年収1000万円以上世帯で7~8万円の負担増
食料品を中心とする生活必需品の価格はどこまで高騰するのだろうか。その影響を具体的に年収階級別に試算したのが、みずほリサーチ&テクノロジーズ調査部経済調査チームの南陸斗氏と嶋中由理子氏だ。
2人のリポート「ウクライナ危機で生活必需品価格が高騰~低所得者の生活支援が求められる~」(3月22日付)のなかで、低所得世帯ほど相対的に重い負担がかかることを明らかにした。
2人は、図表3のように、4月以降に値上げラッシュが本格化するとして、非常に緻密な家計への影響を試算した。試算にあたっては、ウクライナ情勢が流動的なため、2つのシナリオを想定した。それが、次の2つのケースだ。

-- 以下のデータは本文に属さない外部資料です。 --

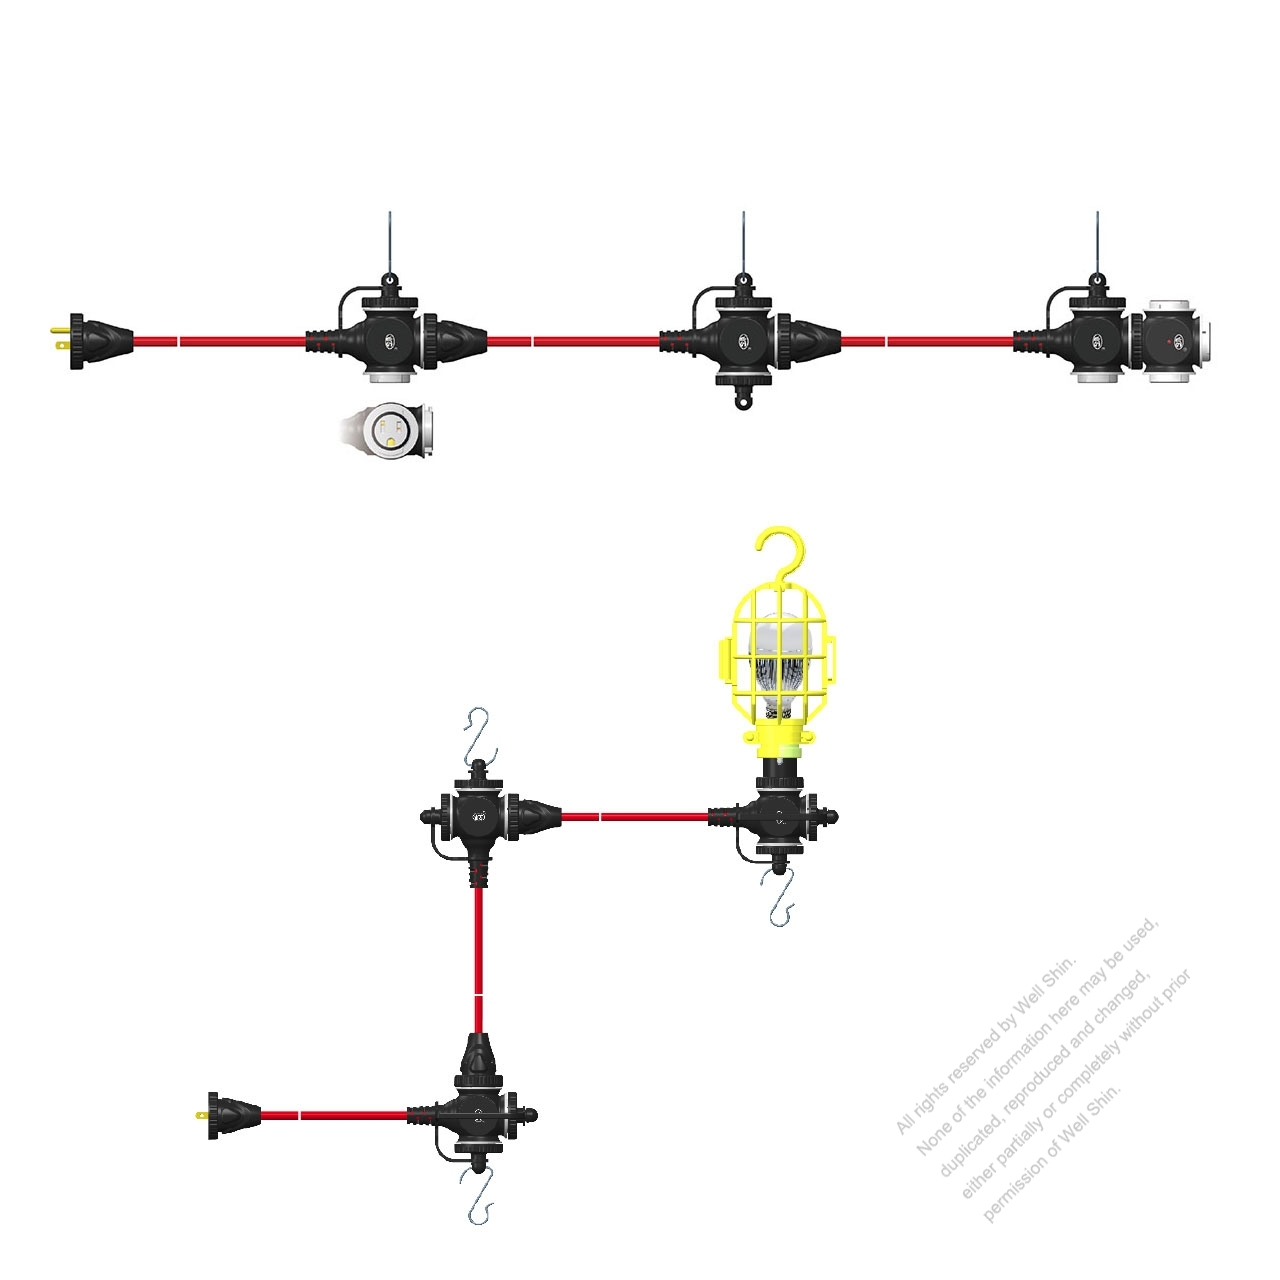 japan 2 pin locking cord nema 1 1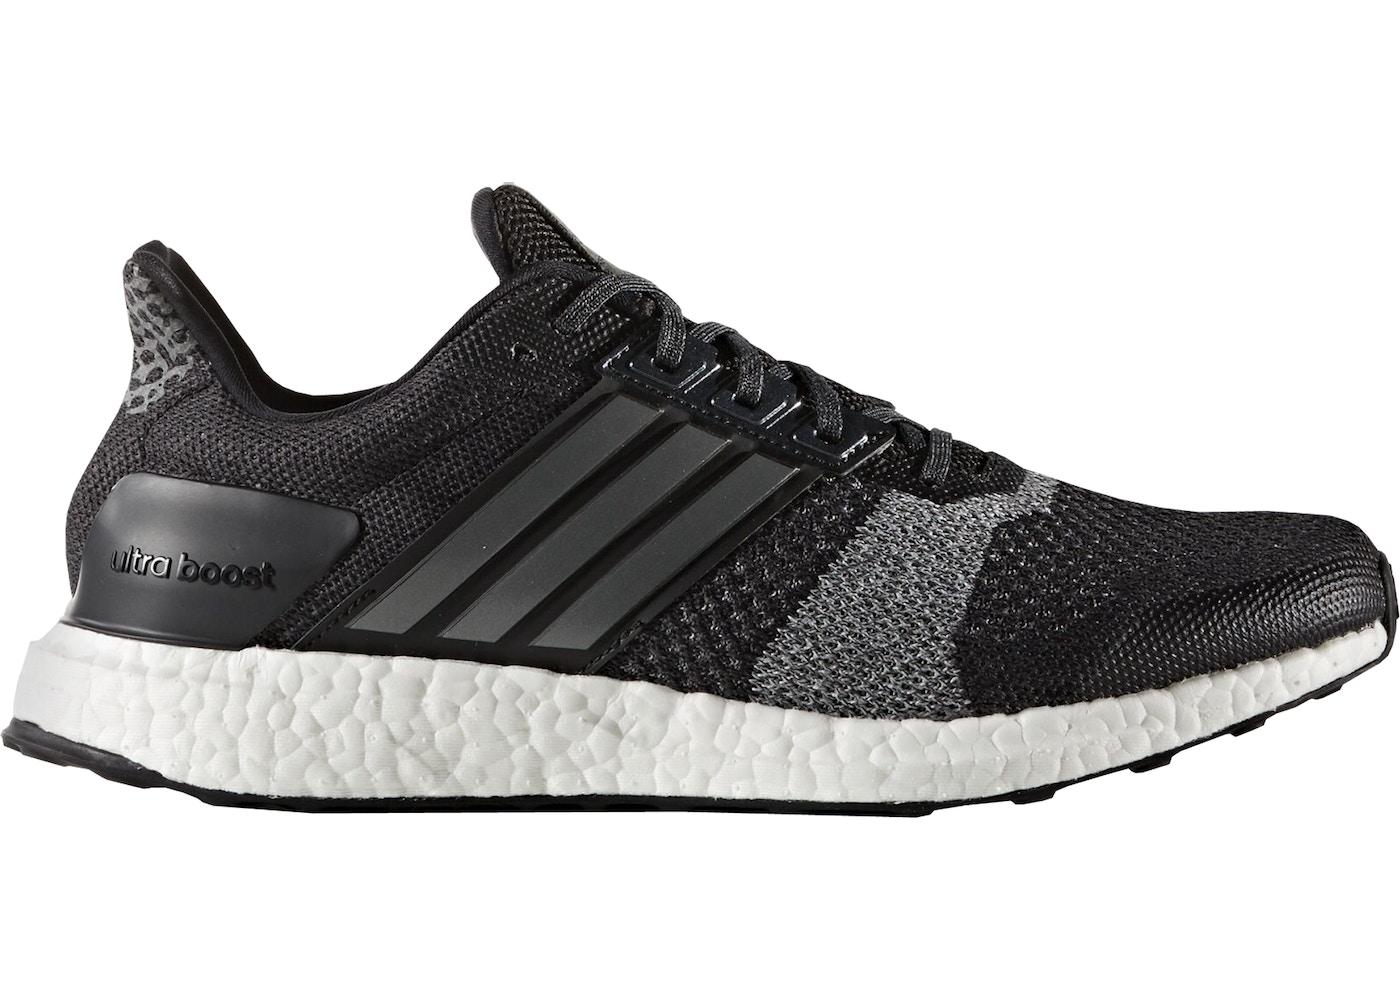 308e4d2b1bb adidas Ultra Boost ST Black Grey - BA7838

(1)シナリオ1=ロシアからの必要最小限の資源(石油や穀物など)輸出が続く「供給継続シナリオ」
(2)シナリオ2=ロシアからの資源輸出が停止する「供給停止シナリオ」
また、政府は現在、原油価格高騰に対応するため、1リットル当たり25円の補助金を石油元売り会社に出すなど、「燃料油価格激変緩和事業」を行っている。「激変緩和事業」は3月31日に期限を迎えるが、4月以降も継続されると想定して試算に加えた。
試算結果をみると(図表4参照)、食料・エネルギー価格の高騰により、2022年は激変緩和事業の効果を考慮したとしても、平均的な世帯で年間約5.5万円~6.2万円の負担が増加する。年収別にみると、年収300万円未満世帯では「シナリオ1」で約4.3万円、「シナリオ2」で約4.9万円の増加になるという。
年収1000万円以上世帯では、「シナリオ1」で約6.9万円、「シナリオ2」で約7.8万円の負担が増加する。年収が多いほど消費水準も高いため、金額ベースでみた負担は高所得世帯のほうが大きくみえる。しかし、年収に対する負担率(食料・エネルギーの負担額÷年間収入)の増加分を比較すると、年収1000万円以上世帯では「シナリオ1」でプラス0.5%ポイント、「シナリオ2」でもプラス0.6%ポイントの増加にとどまる。